Manikka Bowman

Climate change doesn’t only pose a flooding risk to Greater Boston. It will also bring with it deadly heat. 

Heat is the cause of more deaths every year than tornadoes, hurricanes, flooding or lightning. Following Europe’s recent heatwave, the National Oceanic and Atmospheric Administration  said June 2019 was the hottest June since record keeping began 140 years ago. 

Climate Ready Boston projects that by the year 2070 the temperature may reach 90 degrees Fahrenheit almost every day of the summer in eastern Massachusetts. The buildings and systems that we have created over the past 100 years were not designed to deal with such conditions. Moreover, hotter climates demand more energy use, which can exacerbate the problems of climate change. 

A Problem Worth Study 

In 2014, the Urban Land Institute released a meaningful report called “Living with Water,” which sought to highlight strategies for dealing with the storm surge and projected rising sea levels. A sketch on page 26 showed a person kayaking down a proposed Clarendon Street Canal – a recreational benefit of the plan to let the water blocked by the Charles River dam into the city and create series of canals through the Back Bay. The image went viral and helped prompt a broader conversation about how this region needs to plan for a changing climate future. 

In 2016, the city of Boston released the executive summary of its Climate Ready Boston project, which noted, “the challenges from climate change are substantial and complex but can be addressed through bold and creative actions that support the city’s vitality and livability. 

As it did five years ago, ULI Boston/New England assembled dozens of commercial real estate leaders for a recent full-day charrette to design solutions to mitigate the effects of extreme heat. Participants studied four sections of Greater Metro Boston: Chelsea, Somerville, East Boston and Roxbury – each classified by the Trust for Public Land’s Climate Smart Region tool as urban heat islands, where heat is trapped in “concrete, steel and other building materials.” Those materials retain more heat than vegetation and are highlighted in red on the city’s interactive Climate Smart Region Map Explorer.  

Big-Picture’ Solutions for Boston 

Participants studied the characteristics of each neighborhood, listening to stakeholders and examining various options for mitigating extreme heat. They were encouraged to come up with “bigpicture ideas to find solutions,” as one organizer called them.  

Among the solutions: planting trees to create a cooling canopy, increasing ground vegetation to offset heat-trapping asphalt surfaces and harnessing cool water from rivers and the ocean to develop cooling corridors. In East Boston, for example, the group focused on how to capture ocean breezes and funnel them throughout the neighborhood.  

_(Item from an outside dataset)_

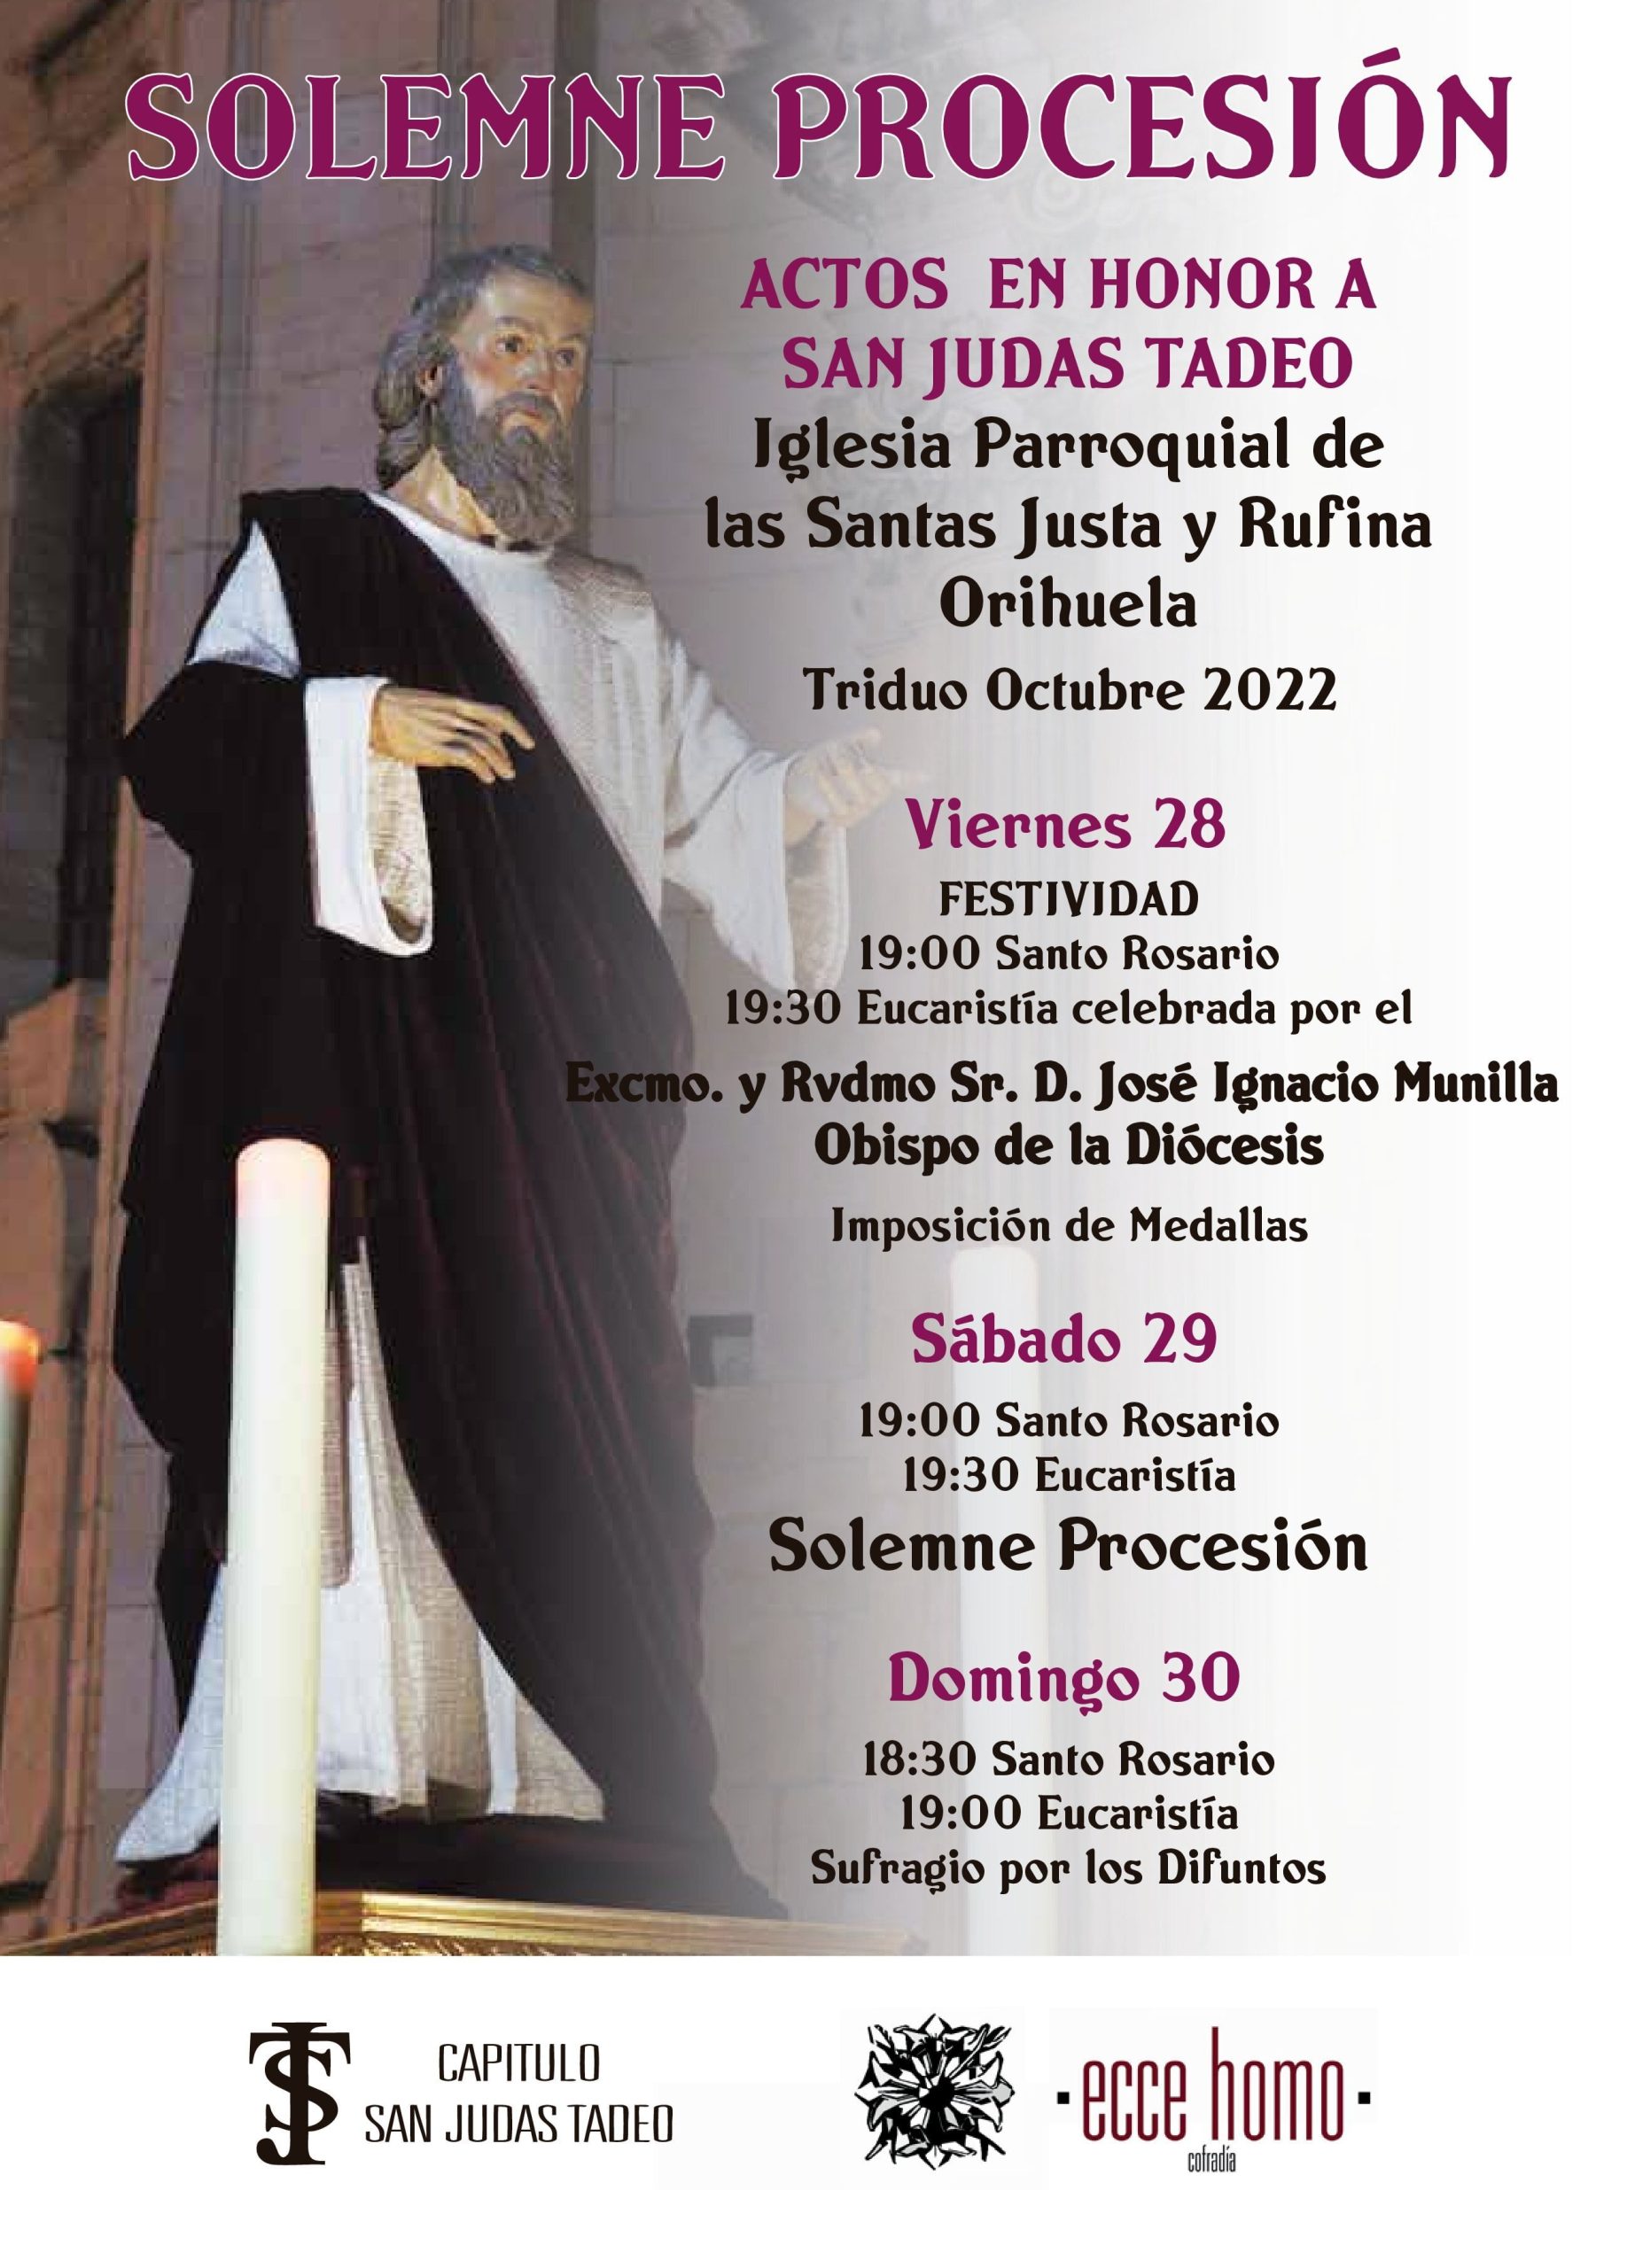 Orihuela, preparada para el Triduo y los actos en honor a San Judas Tadeo

Other design solutions centered on using buildings as resources of cool air instead of vacuums that trap heat. One way to do that is to make rooftops white instead of black. Virtually all building roofs are black because builders have always wanted to use the sun’s heat to melt ice and snow. But, in an overheating climate, trapping heat on roofs is counterproductive; mitigating heat in the summer now takes precedence over melting ice in the winter.  

The group examining heat mitigation in Roxbury looked at social solutions to extreme heat, such as mobile spray trucks, which not only would keep people cool, but could also enhance the community by bringing people outside where they are better connected and therefore more resilient in the face of serious events. Other big picture ideas were also discussed. 

This fall, ULI will release the “Living with Heat” report to highlight solutions to extreme heat and offer policymakers additional resources for addressing one of the most critical issues of our time. Participants in the recent charrette not only discussed how we can survive the heat, but also how addressing this crisis can also improve the social equity of Metro Boston’s various neighborhoods. To truly make a difference, solutions to our overheating planet have to address social, environmental, logistical and financial concerns. 

Manikka Bowman is director of policy and outreach for ULI Boston/New England.